9. Push Bedtime Up.C'mon, it always takes longer than you think it will. Start early -- say, 7:45 for an 8:30 lights-out -- so you can be more relaxed with your children as they wash up, ask for just one more chapter of their bedtime book, and so on. This is much better than checking the clock and seeing that it's -- ack! -- 9:45 and your kids are still up, aren't in their pj's yet, and haven't brushed their teeth. The wigging out that usually ensues doesn't do much to get children off to sleep swiftly and calmly.

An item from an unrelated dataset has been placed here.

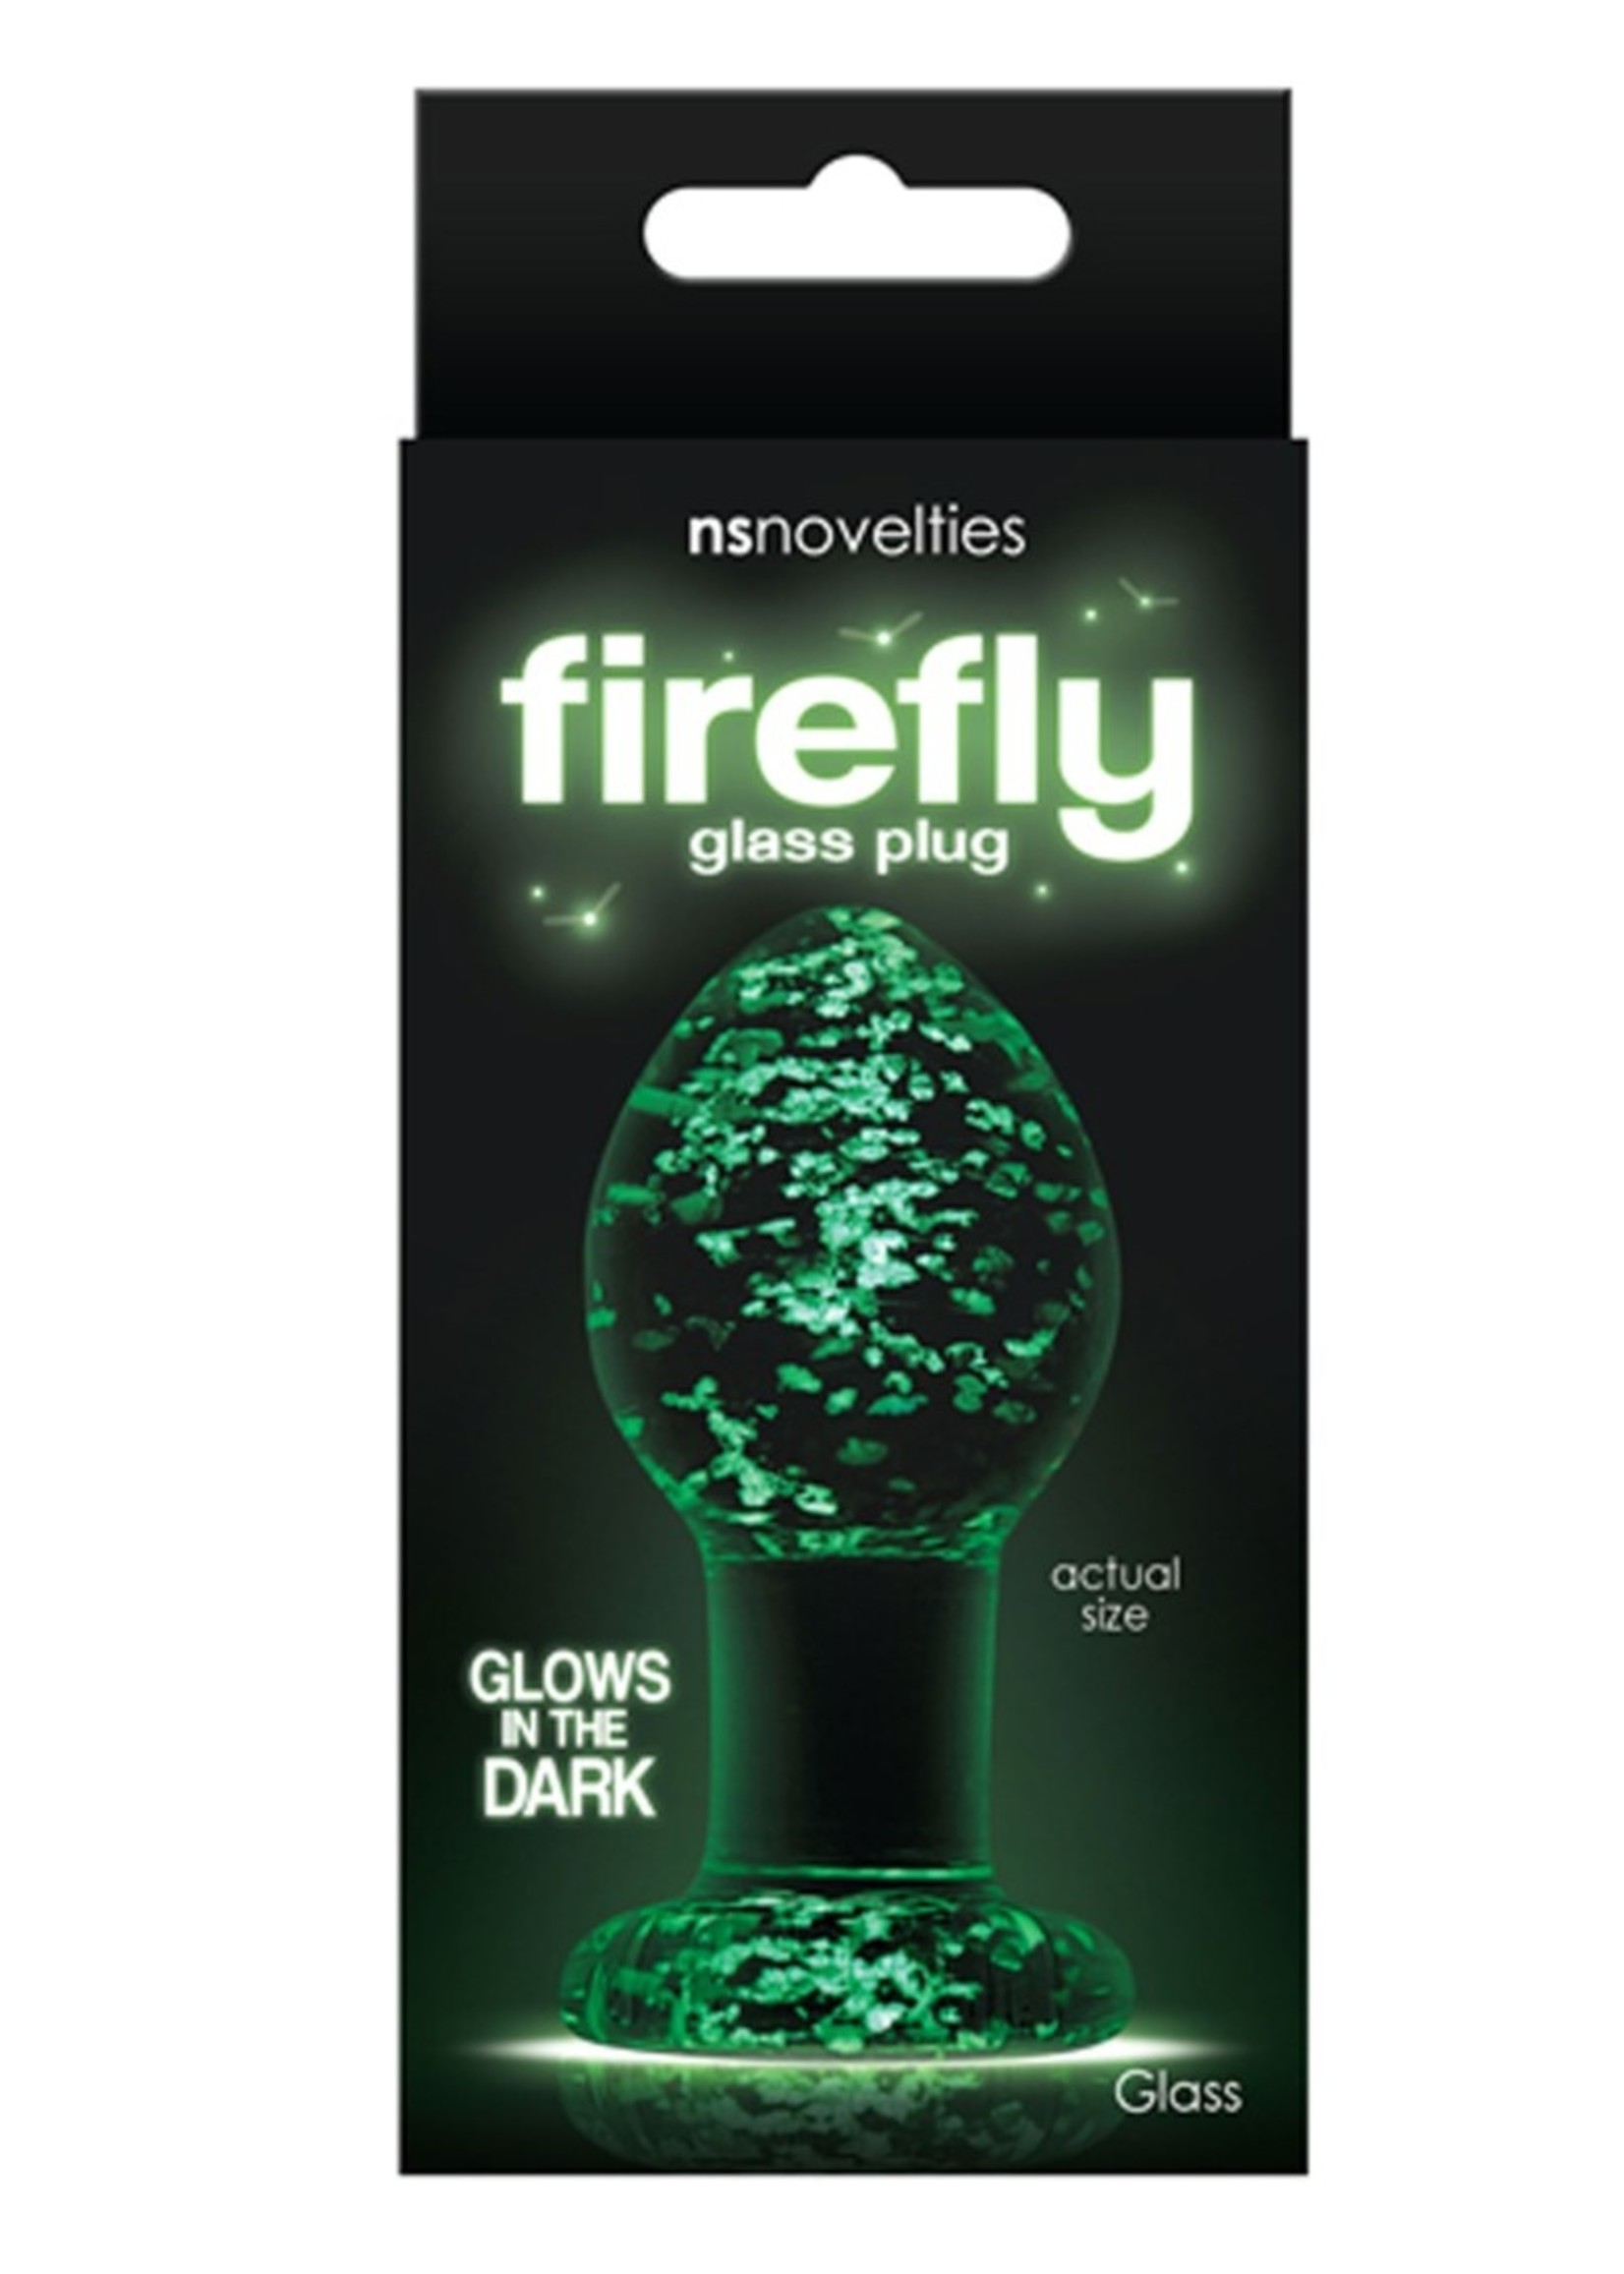 NS Novelties Firefly glass plug - M

10. Learn to let go.Accept that, despite your best efforts, there will be evenings when nothing goes quite right. On those nights, throw in the towel and understand that the bare minimum is good enough: cereal for dinner, no baths, a two-minute bedtime story. Don't torture yourself by imagining that every other mother in America has fed her kids spinach, finished a jigsaw puzzle with them, and sailed through bedtime without even a second of grumpiness. Weeknights are a challenge for just about all of us, but with these strategies and the remarkable reserve of patience all parents have, they are bound to get easier.
New Jersey-based Pamela Lister, a mom of two, writes often on parenting topics.